What it Means to “Save a Model”
When you save a TensorFlow/Keras model, you are turning the result of training into a reusable artifact that can be moved to another machine, checked into version control (or stored in object storage), and loaded later for inference or continued training. Depending on the format and what you choose to save, the artifact may include:
- Architecture: the network structure (layers and connections).
- Weights: learned parameters.
- Optimizer state: momentum/Adam moments and other internal variables needed to resume training seamlessly.
- Training configuration: loss, metrics, and optimizer configuration (when using Keras compile).
- Extra assets: vocabularies, lookup tables, or other files referenced by the model.
SavedModel vs. H5: Which Should You Use?
SavedModel (recommended default)
- Directory-based format (a folder containing protobuf + variables + assets).

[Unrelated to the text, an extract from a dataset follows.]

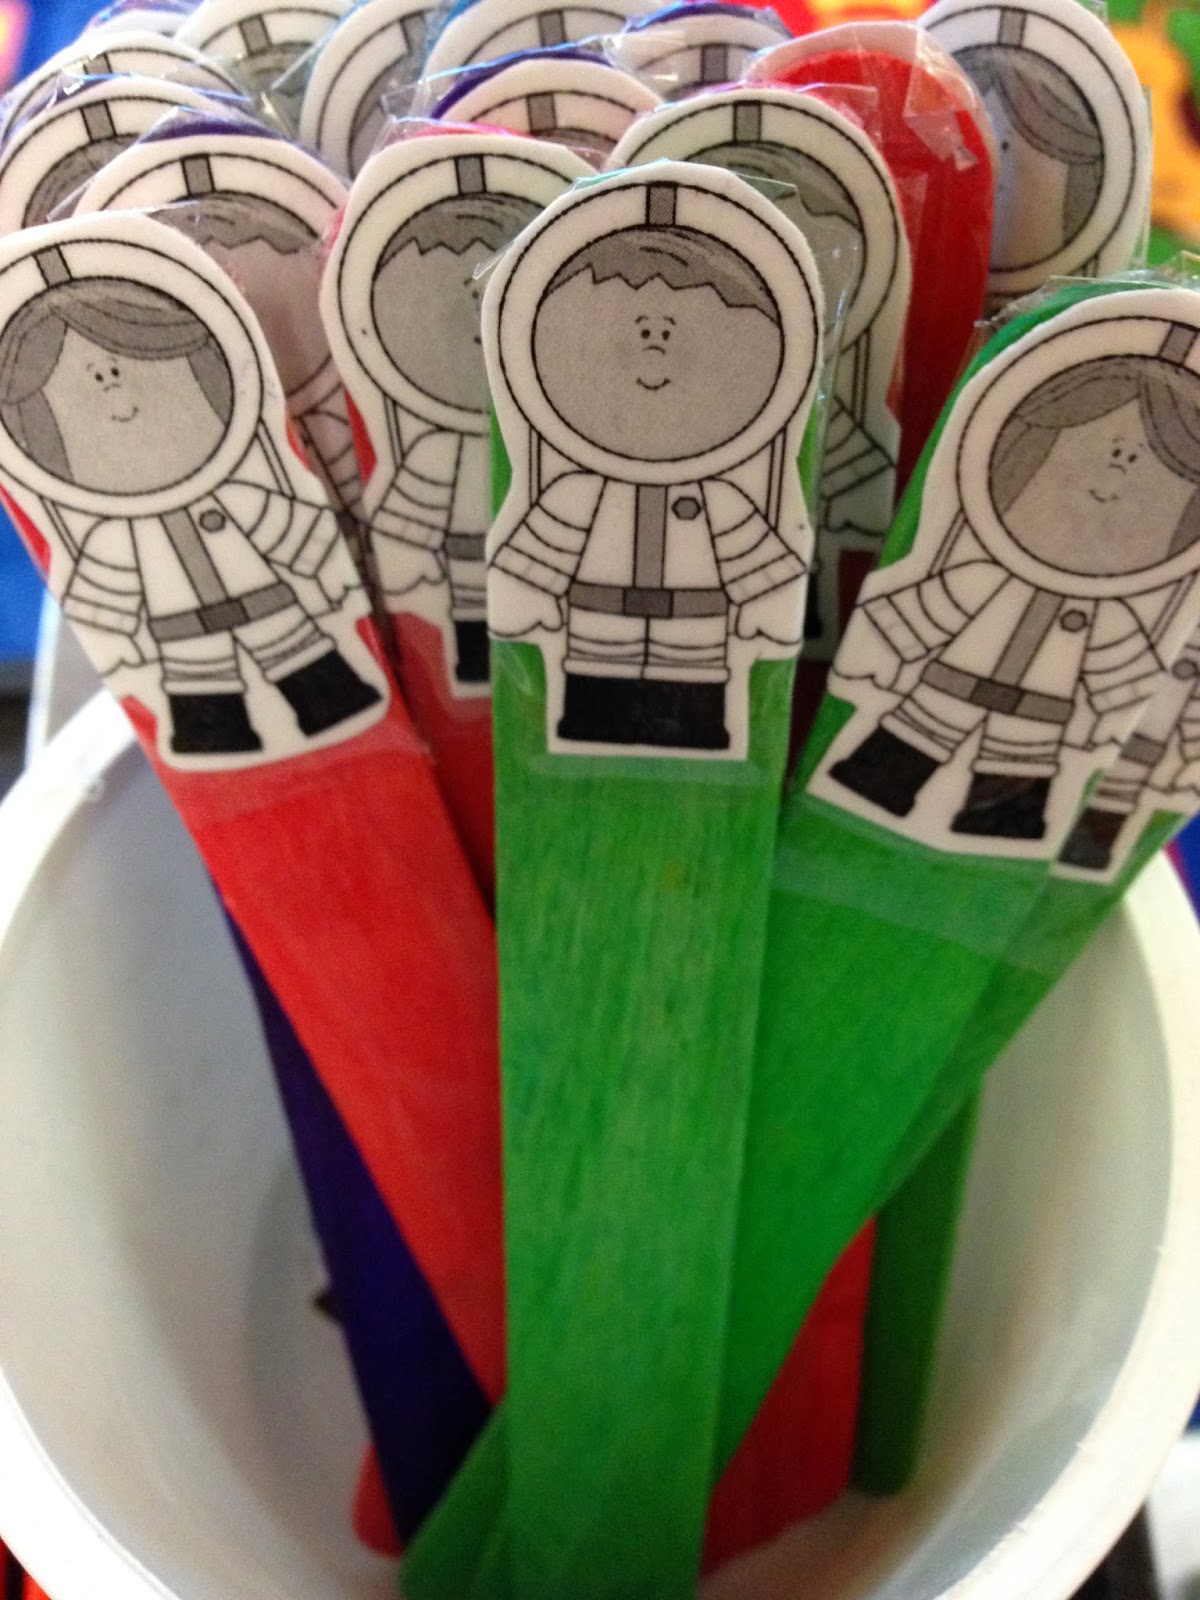 Space People: helps create spaces between the words when writing.

- Best compatibility with TensorFlow Serving, TFLite conversion workflows, and production tooling.
- Supports more features (signatures, assets, trackable objects).
- Typical use: production deployment and long-term storage.
H5 / HDF5 (.h5)
- Single-file format, convenient for quick sharing.

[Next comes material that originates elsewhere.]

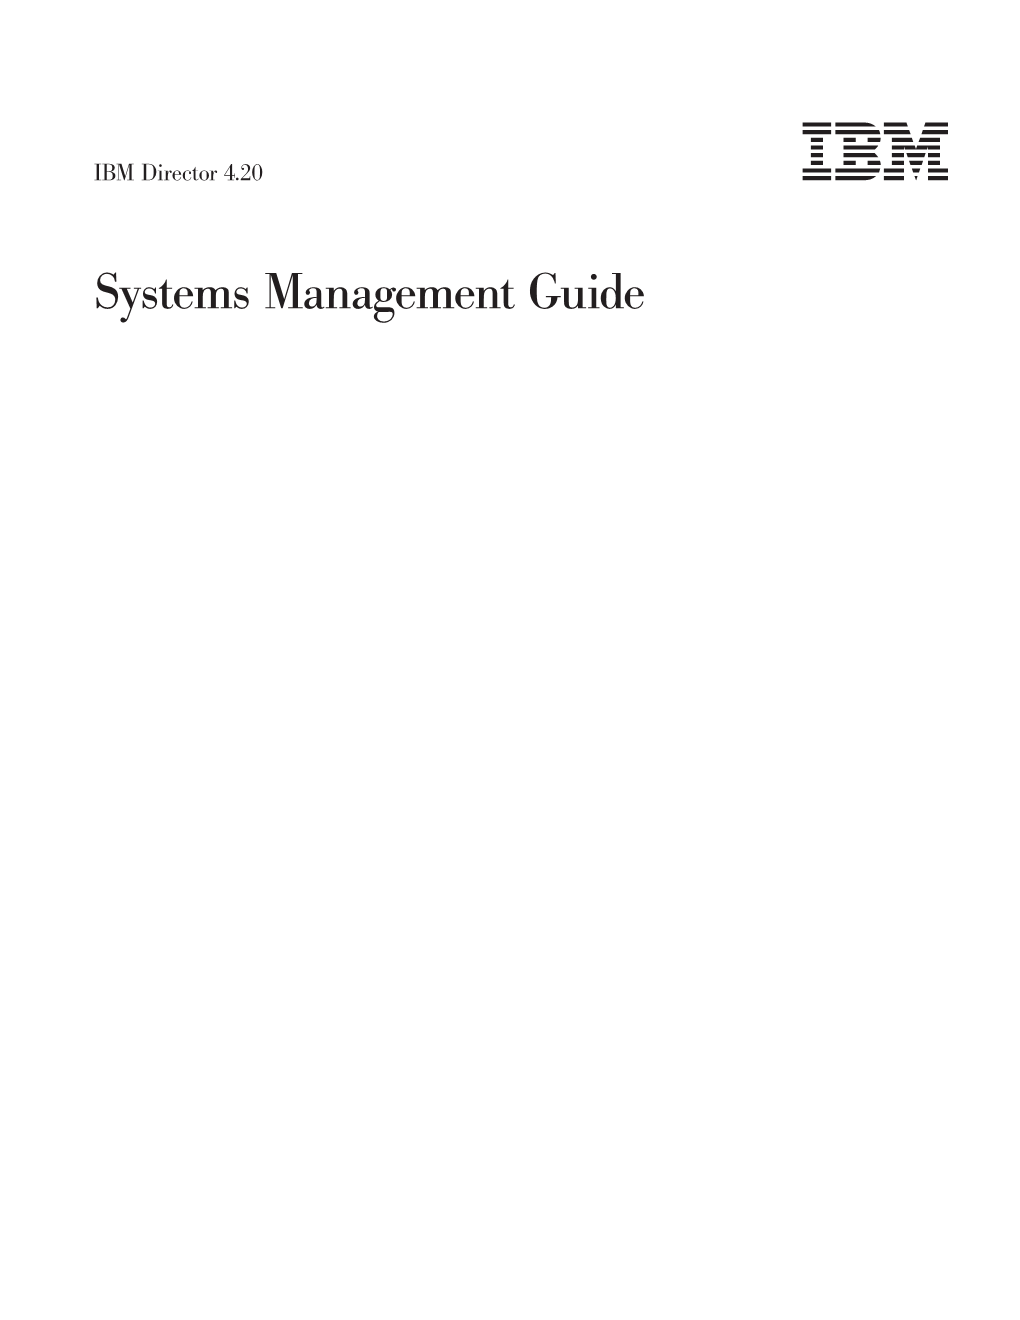 IBM Director 4.20: Systems Management Guide

- Works well for many standard Keras models.
- Can be more fragile with custom layers/losses unless you implement serialization correctly and provide custom objects on load.
- Typical use: experiments, simple portability, legacy workflows.

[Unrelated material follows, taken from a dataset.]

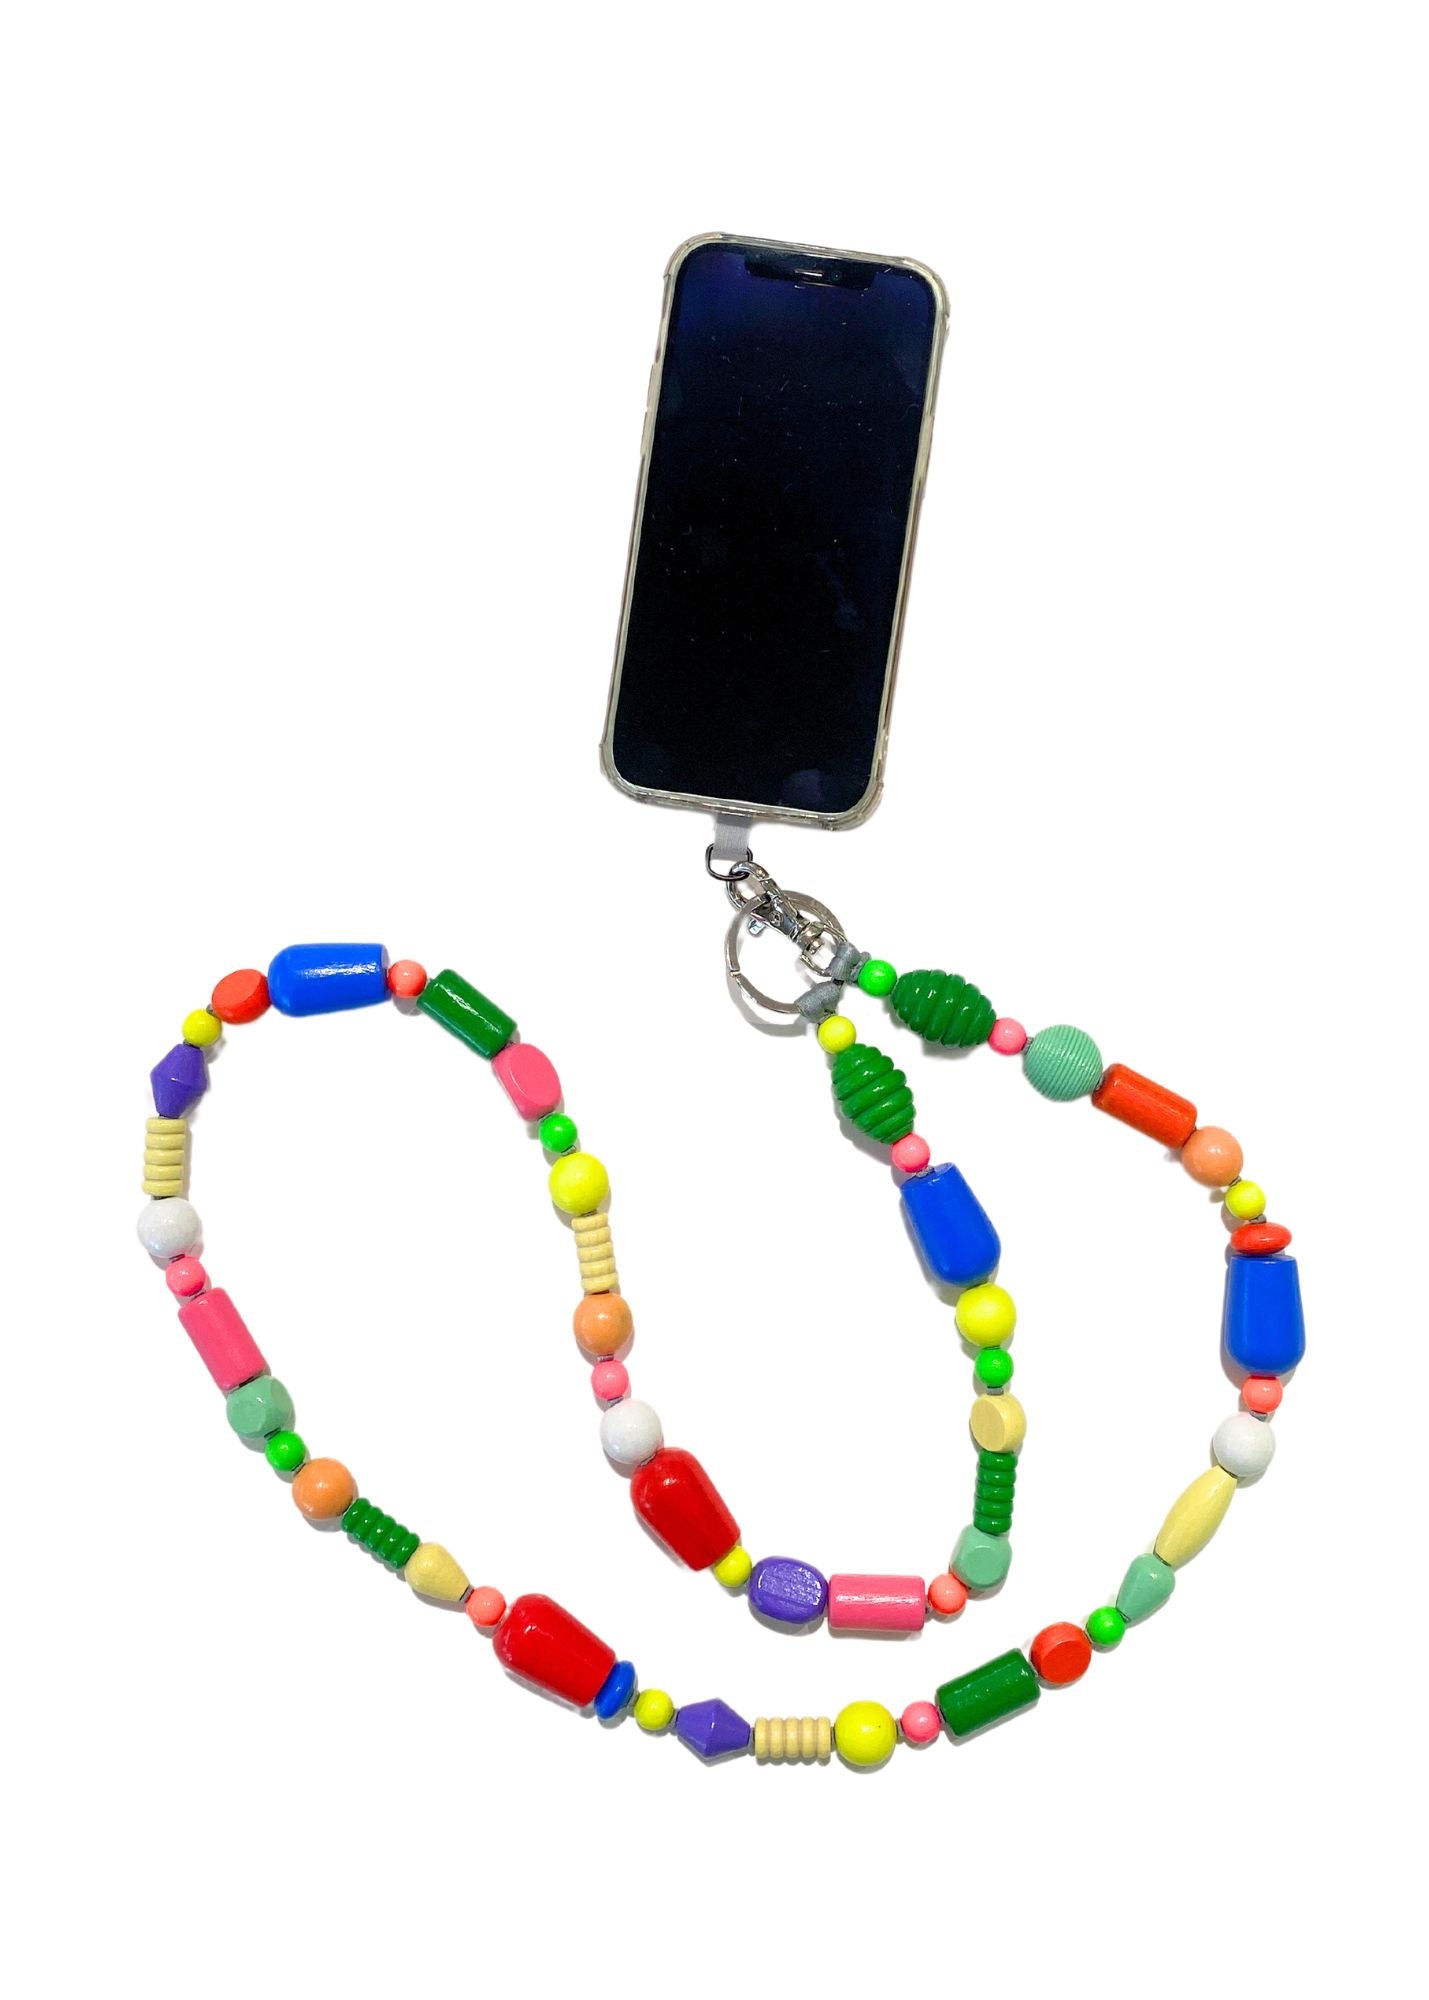 INA SEIFART BUNTER MIX BEADED PHONE NECKLACE AND ADAPTER

In modern TensorFlow/Keras, prefer SavedModel for production and interoperability. Use .h5 when you specifically want a single file and your model is simple and fully serializable.
Saving the Full Model (Architecture + Weights + Optimizer State)
Saving the “full model” is the most convenient option when you want to reload and immediately run inference, and optionally continue training with the same optimizer state.
Step-by-step: Save as SavedModel
import tensorflow as tf
from pathlib import Path
# Assume `model` is already trained and compiled.
export_dir = Path("artifacts") / "my_model" / "savedmodel" / "v1"
export_dir.parent.mkdir(parents=True, exist_ok=True)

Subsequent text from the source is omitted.